Members share and learn making Tek-Tips Forums the best source of peer-reviewed technical information on the Internet!

  • Congratulations Chris Miller on being selected by the Tek-Tips community for having the most helpful posts in the forums last week. Way to Go!

Highlighting Keywords Regex Issue

Status
Not open for further replies.

DonP

IS-IT--Management
Jul 20, 2000
684
US
I have a simple function that is supposed to highlight keywords and it seems to do fairly well. However, I would like to make it highlight the complete word and not just any portion that was searched but have no idea how to do it as I am weak in regular expressions.

Code:
function Highlight($keywords, $text) {
   $StripCommon = array("the", "of", "to", "for");
   $keywords = str_replace($StripCommon, "", $keywords);
   $keywords = trim($keywords);

   if (strlen($keywords)) {
       $keywords = explode(" ", $keywords);

       if (count($keywords)) {
         foreach($keywords as $keyword) {
           $text = preg_replace('/(' . $keyword . ')/i', '<span class="HighlightKeywords">\\1</span>', $text);
         }
      }

   }

  return $text;
}

$keywords is space-delimited and $text contains HTML, both of which might be factors. Can someone help? Thanks.

Don
Experienced in HTML, Perl, PHP, VBScript, PWS, IIS and Apache and MS-Access, MS-SQL, MySQL databases
 
>$text = preg_replace('/(' . $keyword . ')/i', '<span class="HighlightKeywords">\\1</span>', $text);

How about this.
[tt]
$text = preg_replace('/\b\w*?' . $keyword . '\b\w*?'/i', '<span class="HighlightKeywords">\\0</span>', $text);
[/tt]
Such as this
[tt][green]Highlight("important", "<div>It is important to note that ...</div>");[/green][/tt]
returns
[tt][green]"<div>It is <span class="HighlightKeywords">important</span> to note that ...</div>");[/green][/tt]
whereas
[tt][green]Highlight("port", "<div>It is important to note that ...</div>");[/green][/tt]
returns the same.

But I have not look into more complicated keywords pattern with "common"'s or with space(s) in it. You may have to tweak it further.
 
Thanks! It looks like it might do the trick and I'll try it tonight.
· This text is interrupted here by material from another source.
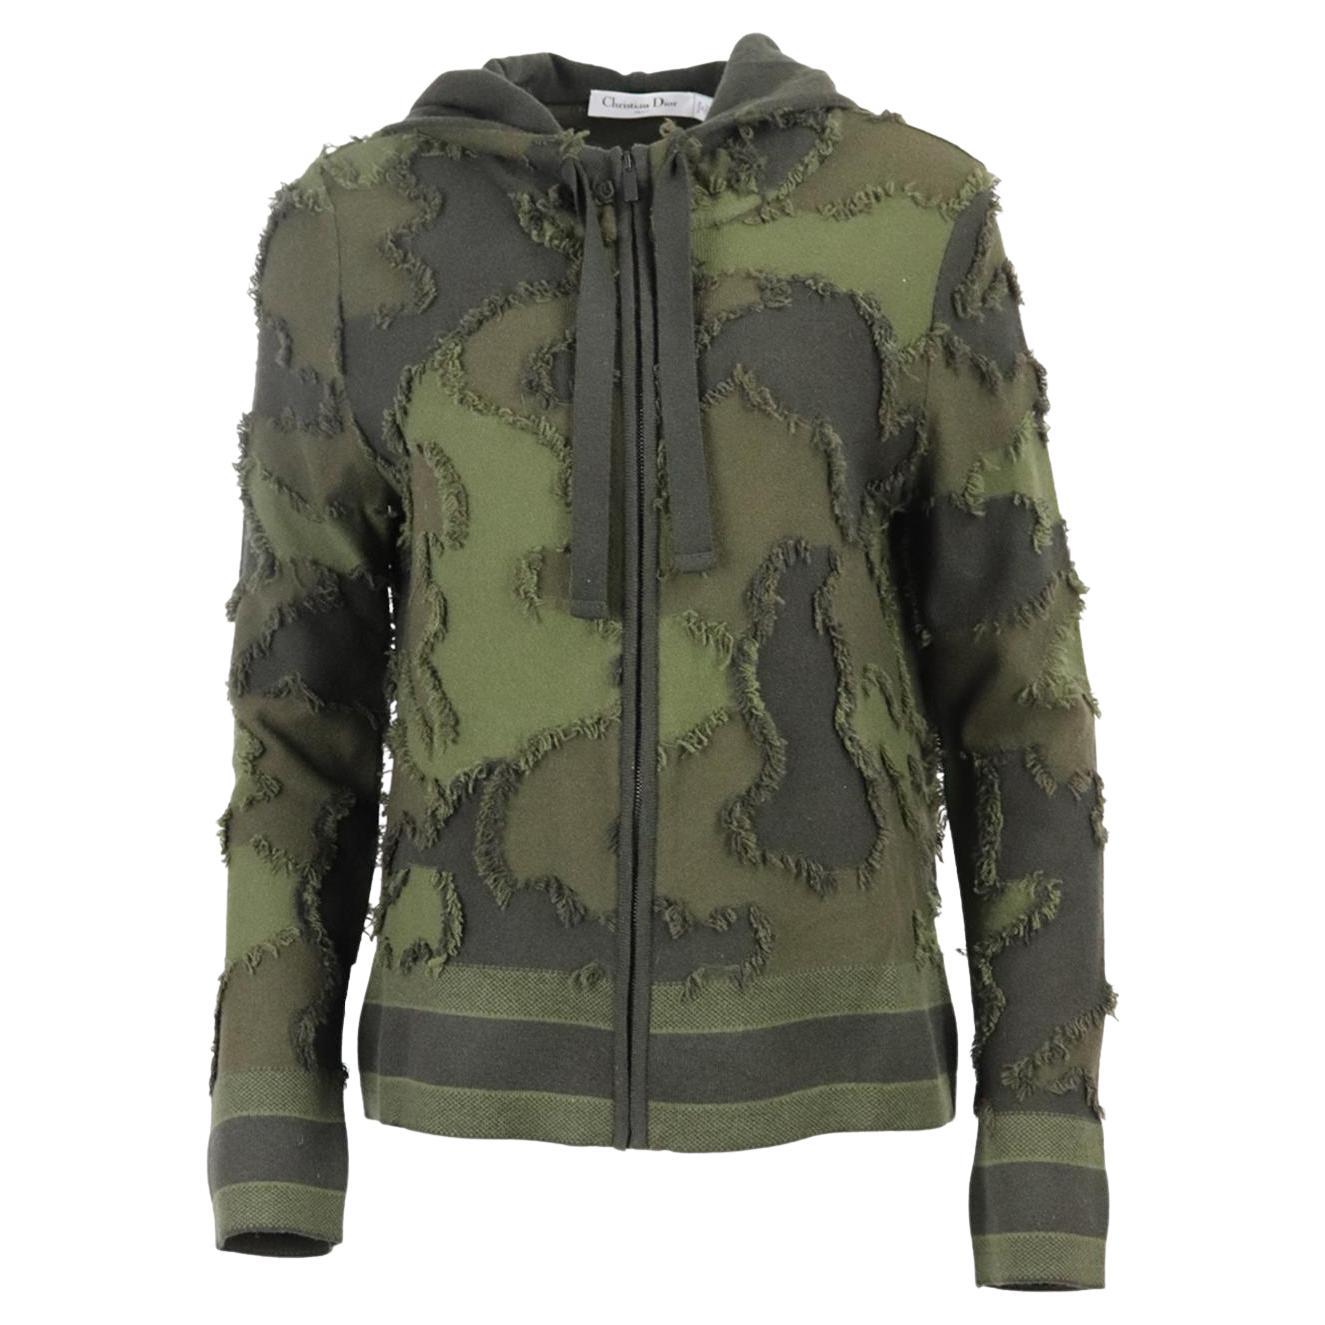 Christian Dior 2020 Camouflage Intarsia Cashmere Blend Hoodie Fr 44 Uk 16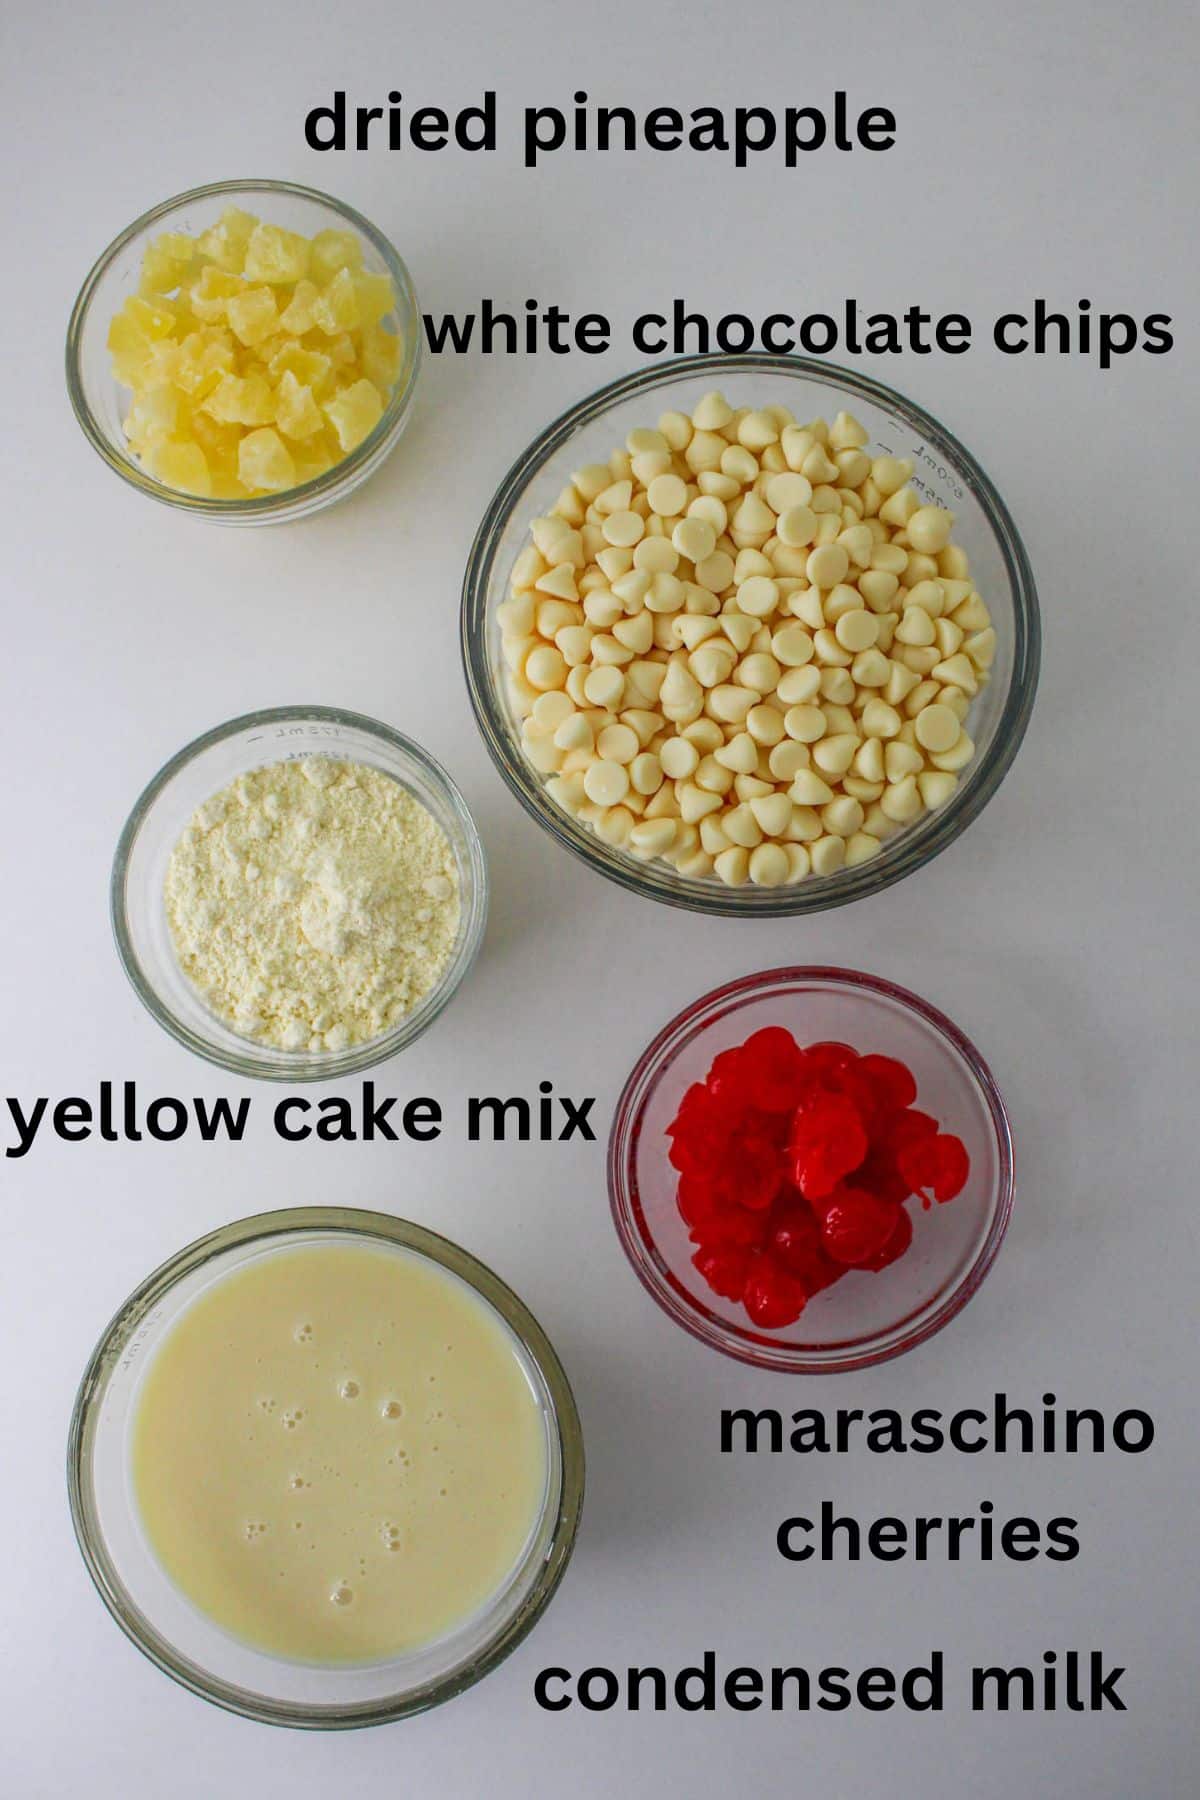 bowls of dried pineapple, white chocolate chips, yellow cake mix, maraschino cherries and condensed milk on a white background

One other thing I would like to do but I am not sure if it's possible and that's to make it highlight phrases if a portion is entered as a keyword and it's not otherwise a common word entered by itself (such as "the" or "it"), although some of the common words might be in the titles. I am thinking of recording and song titles primarily, which it can get for a match from the site's database. I already use some programming that automatically creates links from this items when I edit the entry. Can this be done and are there any tips to get me started? It's just a thought as otherwise just highlighting the keywords is great and thanks again.

Don
Experienced in HTML, Perl, PHP, VBScript, PWS, IIS and Apache and MS-Access, MS-SQL, MySQL databases
 
Amendment
At least I would like to correct a typo of writing up realtime. The corresponding line should be read this, reversing the second \b and \w*? and a surplus apos. Sorry for the confusion.

[tt]$text = preg_replace('/\b\w*?' . $keyword . '[red]\w*?\b[/red][highlight]/[/highlight]i', '<span class="HighlightKeywords">\\0</span>', $text);[/tt]
 
>if it's possible and that's to make it highlight phrases if a portion is entered as a keyword

Again without taking further consideration of common words, by its own it would already be pretty tough, I would say, for general $text. Normally, with some preprocessing the $text to some normal form, the task would be drastically reduced; but not without.

In the context of structurally marked up document, to add some semantic markup like highlight, I would propose something like this to start with. It supposes
[1] ". ? !" as the signature characters to end a phrase;
[2] semantic markup on text node only;
[3] a decimal separator (.) would be preprocessed as it will be the trouble-spot;
[4] the angle bracket, mathmetical operators would be preprocessed, except the mark up; ie like CDATA section;
[5] other unmentioned/uninvestigated holes.
[tt]
$text = preg_replace('/\b[^.?!><]*?' . $keyword . '[^.?!><]*?(\.+|\?+|!+)/i', '<span class="HighlightKeywords">$0</span>', $text);
[/tt]
 
Thanks, I'll check it out. Thanks also for the corrections, which I had noticed too. It seems to work just fine now although a couple of my original lines of code for common words seem to cause the script to time-out but only if the words are entered in the keyword search. If they are not, it works as it should.

Code:
$StripCommon = array("the", "of", "to", "for");
$keywords = str_replace($StripCommon, "", $keywords);




Don
Experienced in HTML, Perl, PHP, VBScript, PWS, IIS and Apache and MS-Access, MS-SQL, MySQL databases
 
How can this be made NOT link anything within URLs except for the linked text? It seems to be messing them up.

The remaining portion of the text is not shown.